The city as text - A2 Communications
Post modern architecture might take the form of one single building which incorporates several eras of design or a whole area where no attempt is made to link all the buildings into one general unifying design.
Towns and cities are also a battleground for economic, social, political and ethnic forces. We see the power of vested interests and the marginalisation of the dispossessed. A major interpreter of post modern cityscapes - primarily L.A. - is Mike Davis(1990).
Main Points:
A library in LA has been designed to look like a foreign legion fort!
Streets in poorer areas are often barricaded and sealed off by the police in their war on drugs.
A shopping mall in another district has been surrounded by staked metal fences with a LAPD substation in a surveillance tower.
The defence of luxury lifestyles has become a repression of space and movement for the rest, with the constant threat of " armed response"

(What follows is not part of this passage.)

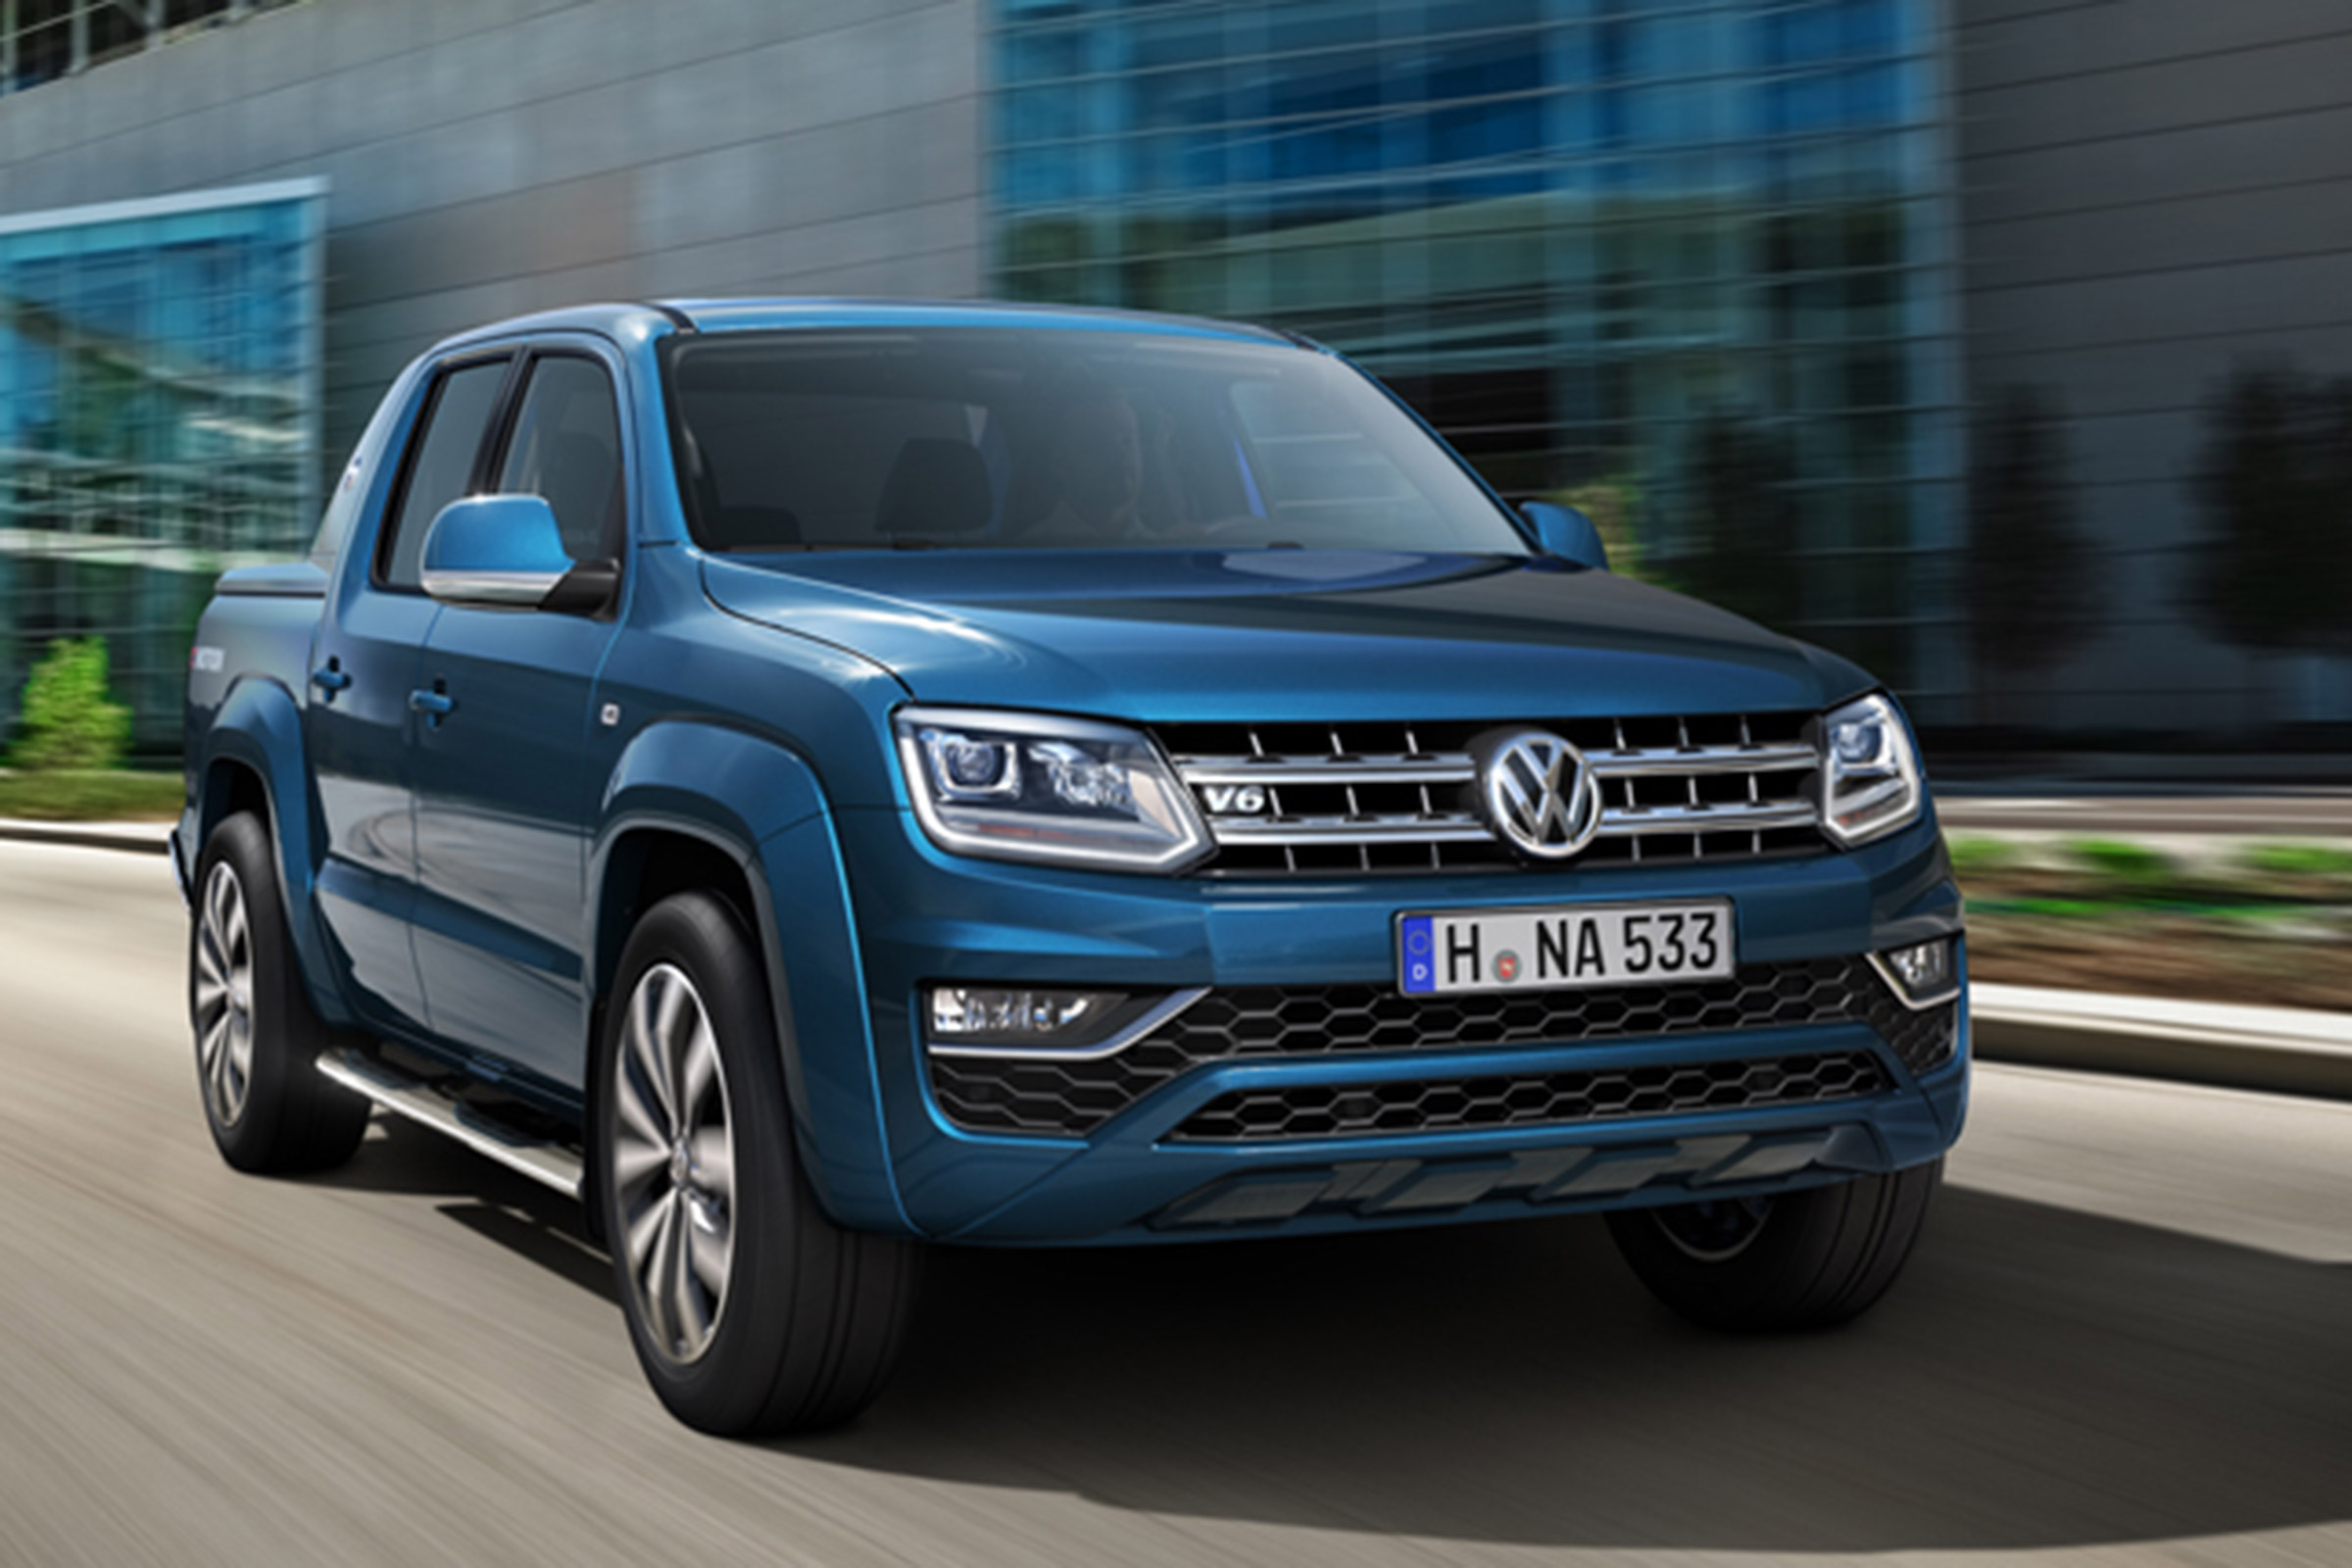 New 2017 VW Amarok on sale now, launch prices revealed 
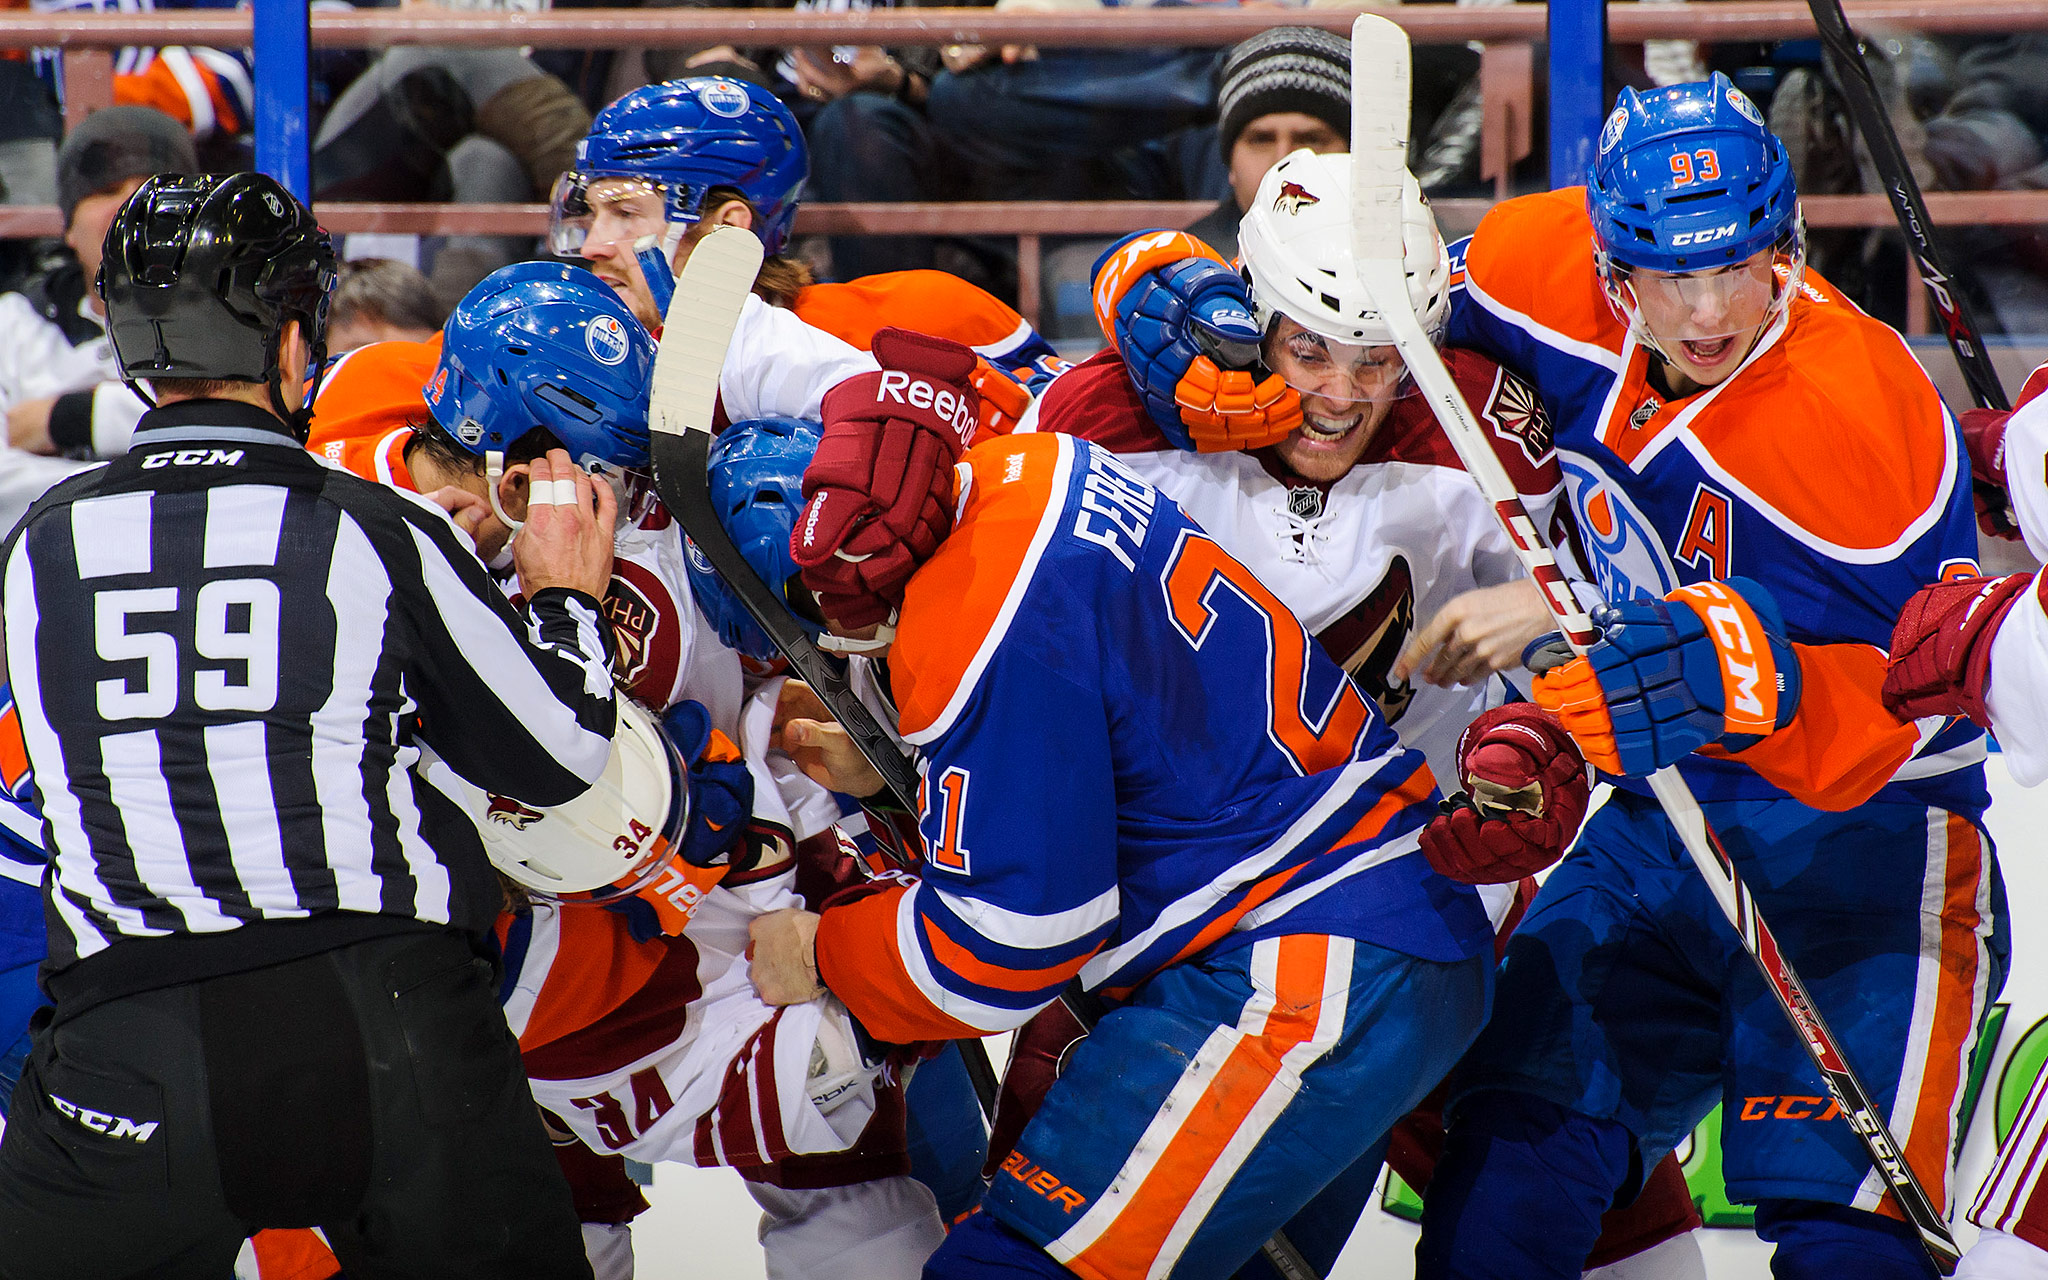 Coyotes-Oilers - The Week in Pictures for Dec. 2-8, 2013 - ESPN

The city is becoming militarised and this has been perceptively reflected in pop culture through films such as ESCAPE FROM NEW YORK, RUNNING MAN - where inner cities are areas of incarceration - BLADE RUNNER - with high-tech police death squads - DIE HARD - with battles fought in "sentient" buildings controlled by computer technology.
Urban reform and social integration begin to look like an impossibility.
What we now have is a division between the fortified areas of the wealthy and powerful, and the places of terror of the criminalised poor.
Increasingly, the wealthy carry on their lives - residential, workplaces, consumption areas, and travel environments separate from the rest who crowd together.
The threat of crime, in this post modern world, has become more powerful than the facts of crime. Most street violence, etc. is self contained within ethnic and class boundaries but the middle class - who have little or no first hand experience of inner city conditions - magnify the threat through imagination and the media.
Modern "public spaces" - shopping centres, office centres, cultural areas - are not designed for the underclasses and they understand this "hidden message".
Redevelopment has encouraged spatial apartheid. The financial core of LA is separated by a moat - the Harbor Freeway - and the fences of Bunker Hill from the poor immigrant areas that surround it.
The shopping precincts above Hill Street are for the rich and a few middle-class while the poor and the immigrants get their shopping and entertainment elsewhere.
In contrast, old photos of the downtown areas show mixed ethnic, ages and classes roaming the streets together.
A new plan for downtown redevelopment is designed in such a way that pedestrainisation will be difficult therefore will "kill the crowd" and favour the rich.